After restarting the VM after a freeze. See what output you get from:
journalctl -o short-precise -k -b -1
(You can adjust the last arg to look back across multiple boots (-1 is last boot, -2 is boot before last etc.). If you see a reference to killed process, it’s likely a memory issue.
To increase the VM’s memory allocation from within Trellis, try creating a vagrant.default.yml file containing at least:
vagrant_memory: 2048 # Increase VM's memory to 2GiB
You’ll likely need to vagrant destroy && vagrant up for that change to take effect, but perhaps not. It’s been a while since I’ve used Vagrant!
That’s interesting - so the VM is failing to communicate with your host machine’s NFS server on 192.168.56.1.
This kind of error would usually suggest a network interruption in the case of a traditional NFS setup (ie. over physical link) or perhaps nfsd is quitting for some reason.
Is there any reason why your network configuration may change or interfaces be stopped / started while you are using the VM? Perhaps VPN software, or similar?
nfsd on OSX seems to log via syslog() so is there anything NFS related in there?

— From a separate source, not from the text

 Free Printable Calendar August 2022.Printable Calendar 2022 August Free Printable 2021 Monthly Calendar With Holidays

Try checking /private/var/log/system.log (on your host machine) for NFS related messages. I’d probably run tail -f /private/var/log/system.log | grep nfs and then try and make a VM crash.
You may also find the OSX syslog at /var/log/system.log
This might be a permissions issue. It’s probably a good time to reinstall VirtualBox and see if that fixes things. If not - does /Applications/VirtualBox.app/Contents/MacOS/VBoxRT.dylib exist and who owns / what permissions?

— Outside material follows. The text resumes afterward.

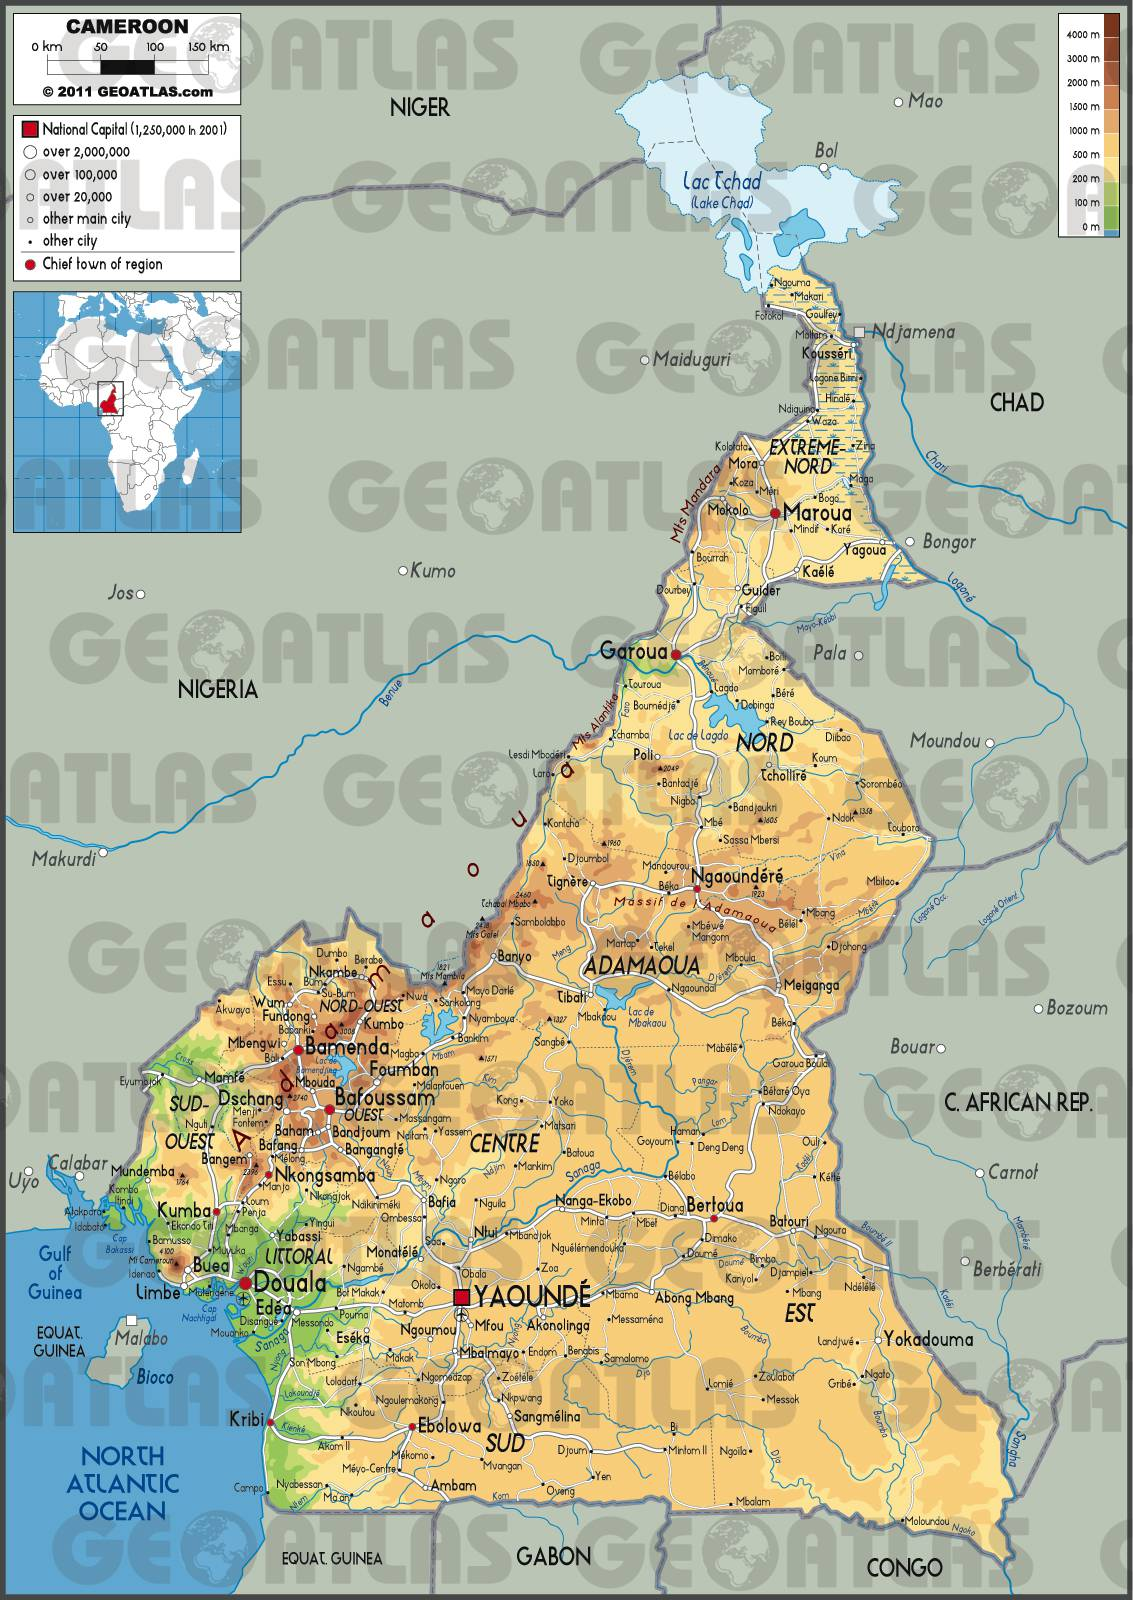 Carte géographique du Cameroun

I can’t reach a file inside application content with the terminal (I don’t know how), but I can use the GUI to see it, is that enough? In file is there and has read and write permission for system.
The first time the bug appeared I reinstalled VBox updating to the latest version and the problem persists.

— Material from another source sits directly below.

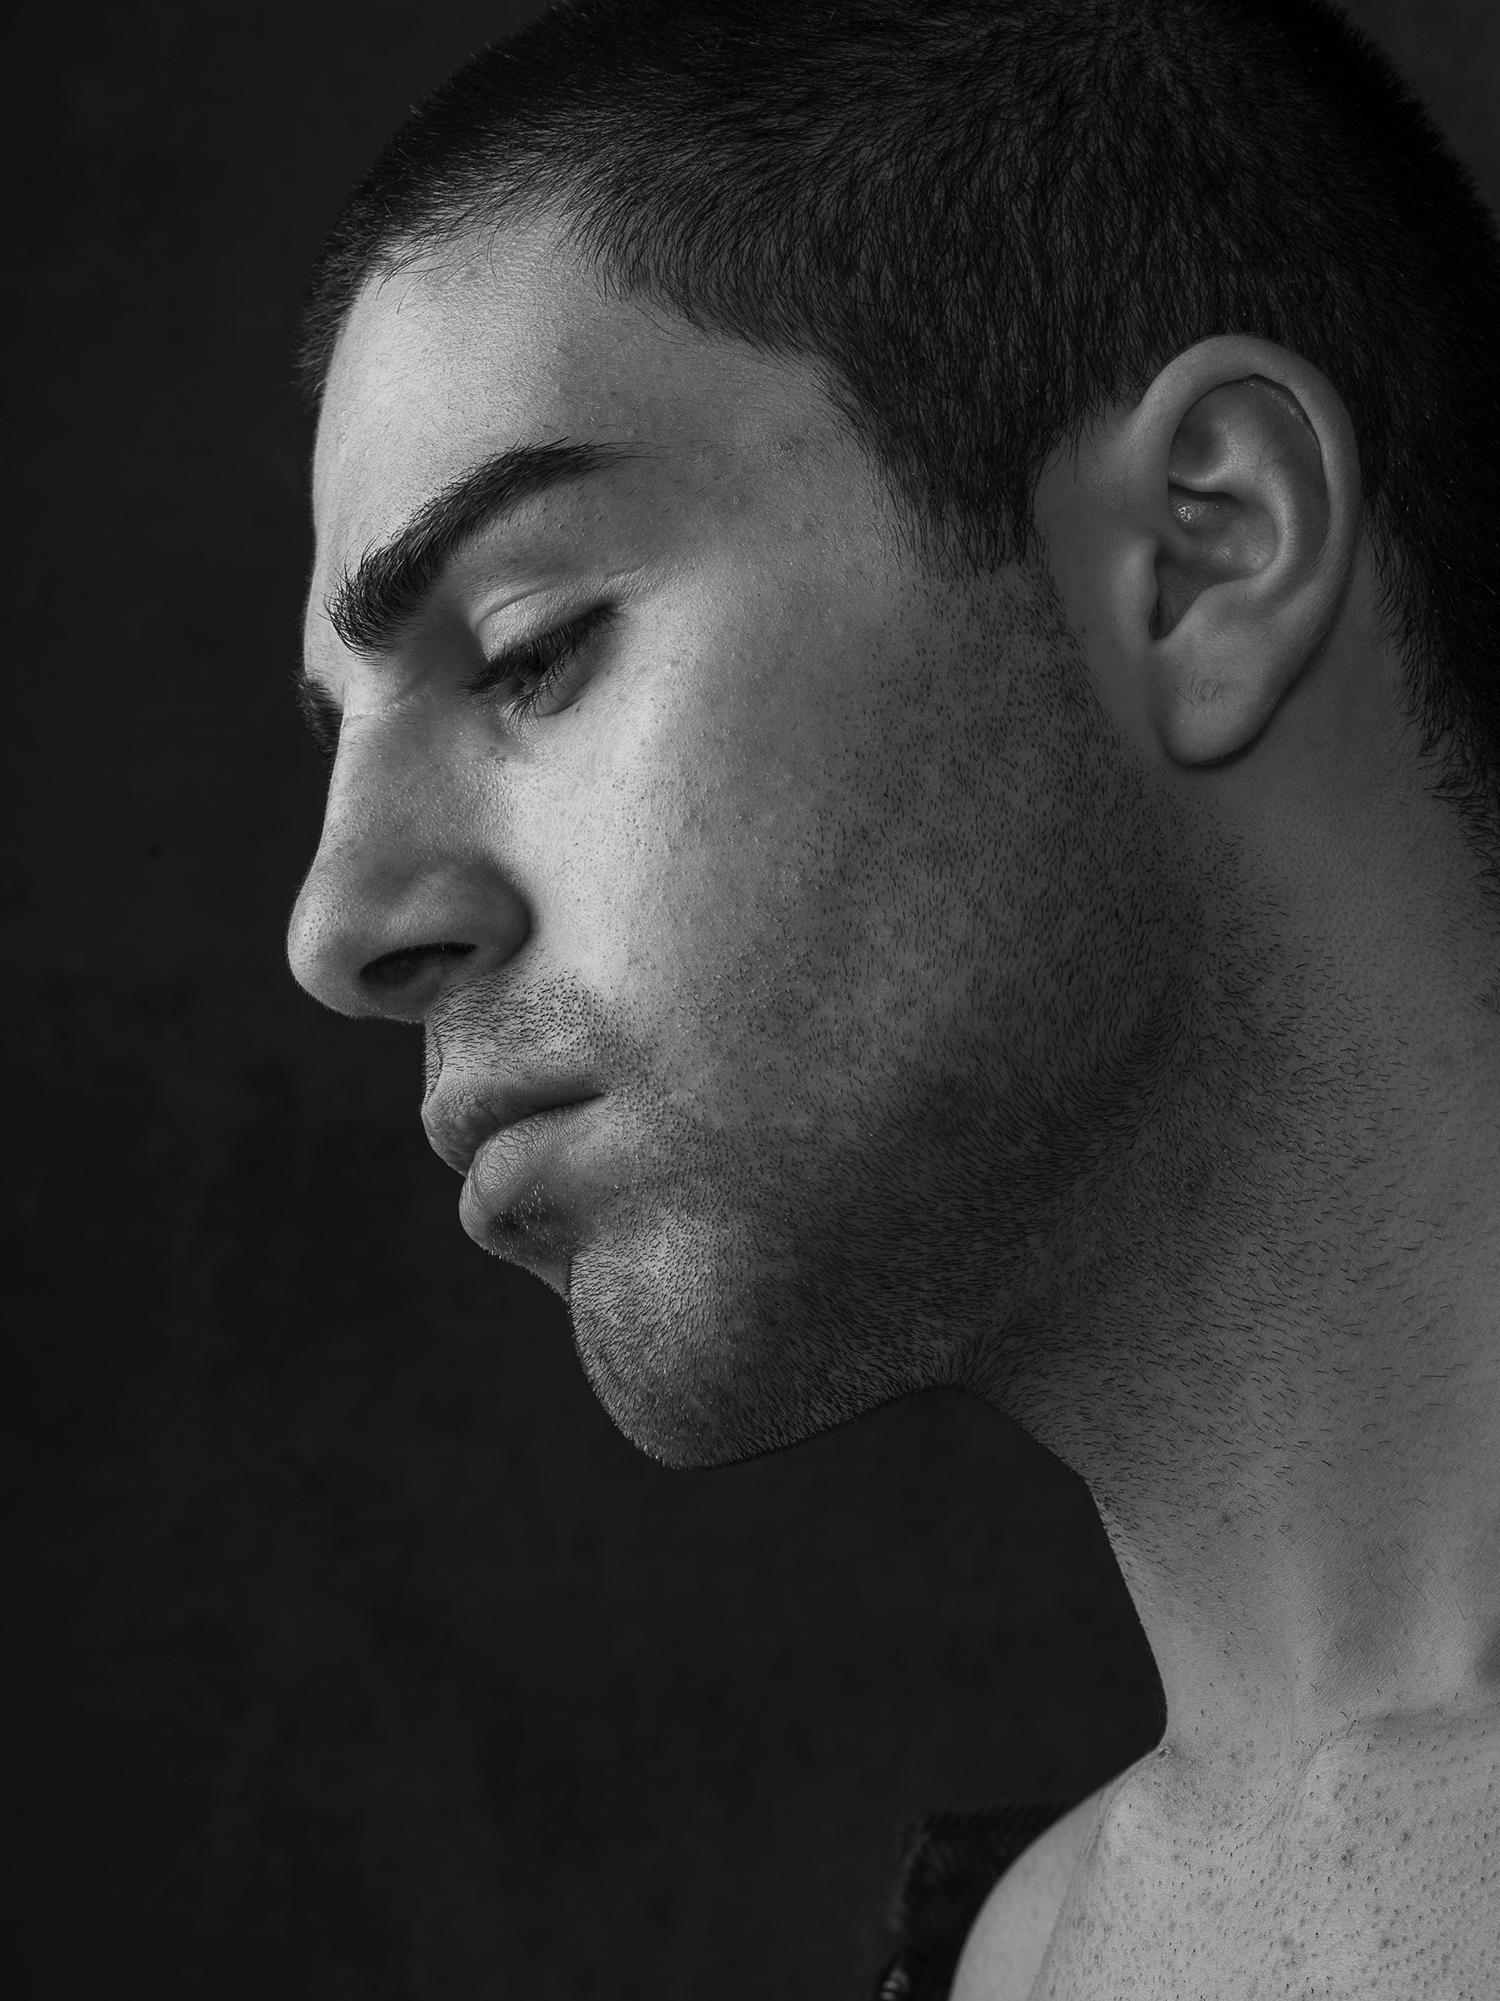 Intimate Strangers, Spartaki Profile B&W

It’s often not a good thing to recommend a different technology to solve a problem with another one… but it might be worthwhile giving trellis-cli’s new VM integration a try because it entirely avoids NFS, which is a very common issue with VMs.
See Local Development | Trellis Docs | Roots for more info. There’s a section on migrating as well; so you don’t need to fully commit to moving off Vagrant. You can try out both (just not at the exact same time).
Thank you. That sounds good. I have tried to use it but it does not support my OS (Big Sur). I’m having trouble upgrading to Ventura on my hackintosh. I’ll have to dedicate a few days to that matter, finally.
Thanks for your reply! I had to wait a bit before another freeze happened
After rebooting I ran the journalctl command but I can’t see any killed process lines.
The freeze just happened around 11:17 and the last line of the last boot was at 10:12.
The system.log also doesn’t show any info about nfs when running: tail -f /private/var/log/system.log | grep nfs
In /Library/logs/parallels.log I only see this line around the time of freeze:
04-06 11:17:40.759 F /pvsHostInfo:620:1d28/ hw.cpufrequency error = 2
But that hw.cpufrequency error is in there a lot.
Not sure what else to check?
Just another freeze, this time the journalctl has this at the end:
Apr 06 11:23:27.761941 ona kernel: FS-Cache: Loaded
Apr 06 11:23:27.777950 ona kernel: FS-Cache: Netfs 'nfs' registered for caching
Apr 06 11:27:04.054052 ona kernel: nfs: server 10.211.55.2 not responding, still trying
So similar as @aitor’s.
But I’m using Parallels Desktop and not Virtualbox?
In /etc/hosts this project is the only one that has this line added after:
I’m facing the same problem and have to perform a vagrant reload every 30 mins or so. Unfortunately, Lima isn’t an option for me because I can’t run Ventura on my Late 2015 iMac :-/
On top of that, I’m not able to connect to the ipv4 address either.